One day, Selvam is instructed to tape the incoming and outgoing calls from the house of a high-ranking official. During one such tapping, Selvam comes across a conversation between the official's wife and her secret lover, Balakrishnan, or "Balki". Despite being a topper at his engineering college, Software Engineer Balki spends most of his time seducing various young and married women through Facebook. He receives handsome sums from his victims and lives alone in a palatial bungalow in center of the city after chasing away his father. By mere accident, Selvam discovers that Agal is also one of his many lovers. Selvam then starts tapping his own wife's calls. He soon realizes that Balki is a sociopath who seduces women. After recording their conversations and rendezvous together, Balki blackmails them for money. Initially, Agal trusted Balki as a good friend and shared all her secrets with him, then she discovers his evil intentions and blocks him on Facebook. Balki starts threatening Agal to sleep with him. Enraged, Selvam decides to take the matter in his own hands. With the help of a private detective named Ganesh, he gets the complete details of Balki and confronts him.

Balki reveals that he had already expected Selvam to confront him, and he has already hacked Selvam's personal computer and has stolen all the details of the tapping and evidences that Selvam has collected so far. He has also secretly recorded Agal bathing at their home and uses this to blackmail Selvam. Selvam tries to abduct Balki but is forced to let him go after discovering that Balki has stored all the hacked data on his online Swiss bank account. If he does not key in his secret password within a specific time period on a day-to-day basis, the data will be leaked automatically, tarnishing both Selvam's personal and professional life.

Selvam then arranges for one of his female subordinates to seduce Balki while he is at a local café. Meanwhile, he and a computer hacker he knows break into Balki's home to hack into his Swiss account. However, Balki has installed multiple firewalls that make his account foolproof. When Balki returns home, he realizes that Selvam has broken in and ran away before he returned. He decides to enrage him even more by forcing Agal to meet him at his home. She comes only to tell him to leave her alone or she would tell her husband about him. Balki ignores her threats by coming straight to her home. Both Selvam and Agal pretend to be nice to him in order to keep their own secrets while Balki enjoys himself tormenting them. Selvam feels that Balki is not serious about leaking the audio files and goes to meet Balki's estranged father, to get his help to bring down the sociopath.

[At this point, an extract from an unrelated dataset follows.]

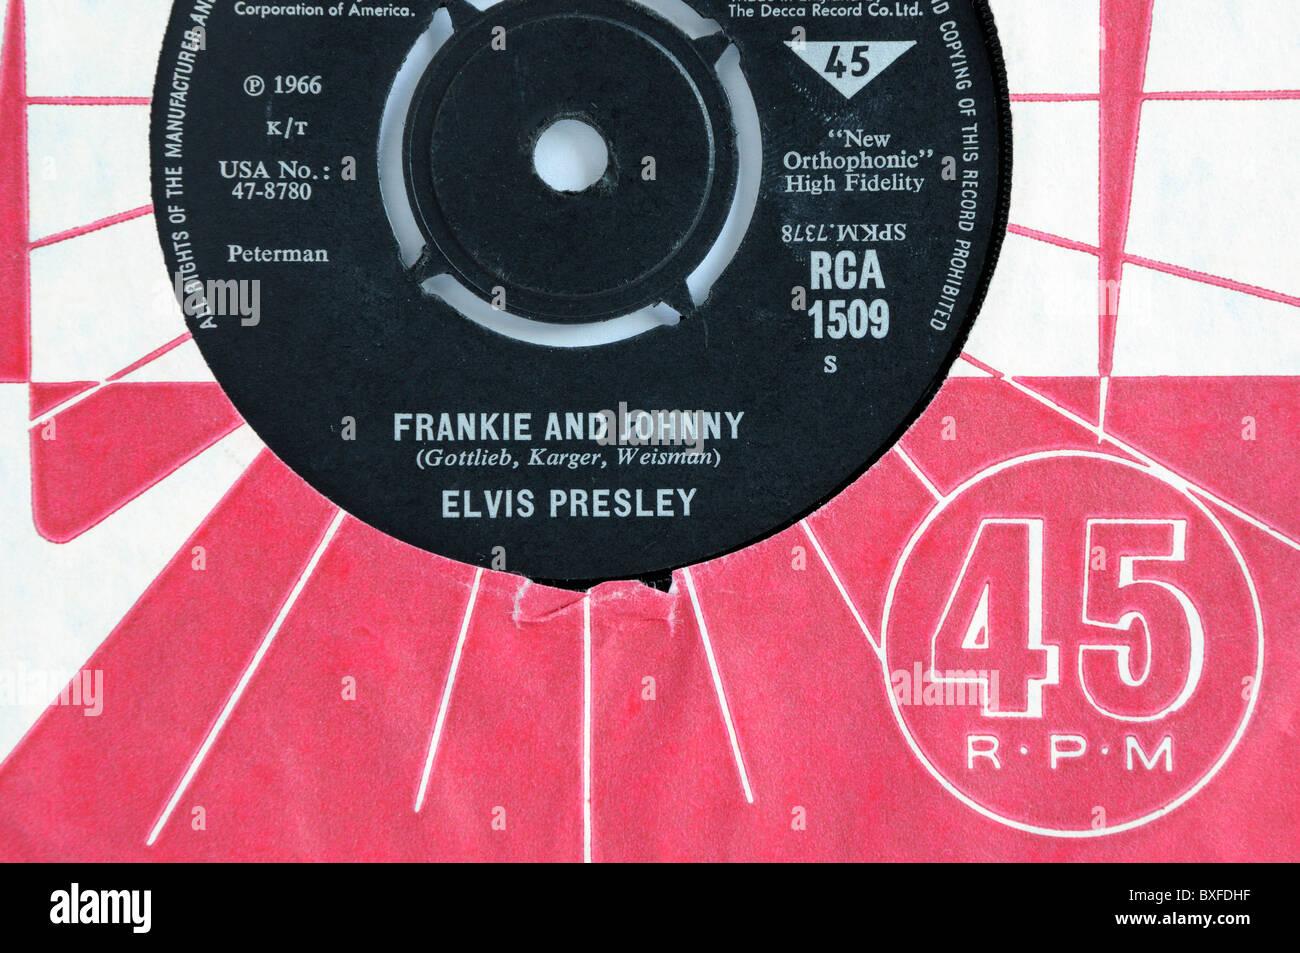 "Elvis Presley's 1966 record ""Frankie and Johnny"". Stock Photo"

To provoke Selvam even further, Balki leaks a taping of a Inspector general of Police in order to get Selvam into trouble. Thinking he would get into trouble, Selvam is instead congratulated by Nagarajan for publicly removing his fellow IPS from competing with him for job of State Director general of Police. However, when the scandal escalates, the higher-ups in the police decide they need a scapegoat to take responsibility, and they try to frame Selvam. Police suddenly raid Selvam's house and it causes an uproar in police colony. Realizing that Nagarajan is framing him, he blackmails him with his Audio-tapes, which are proof enough to destroy Nagarajan. All complaints against Selvam are dropped, and he is permitted for one-week foreign holiday.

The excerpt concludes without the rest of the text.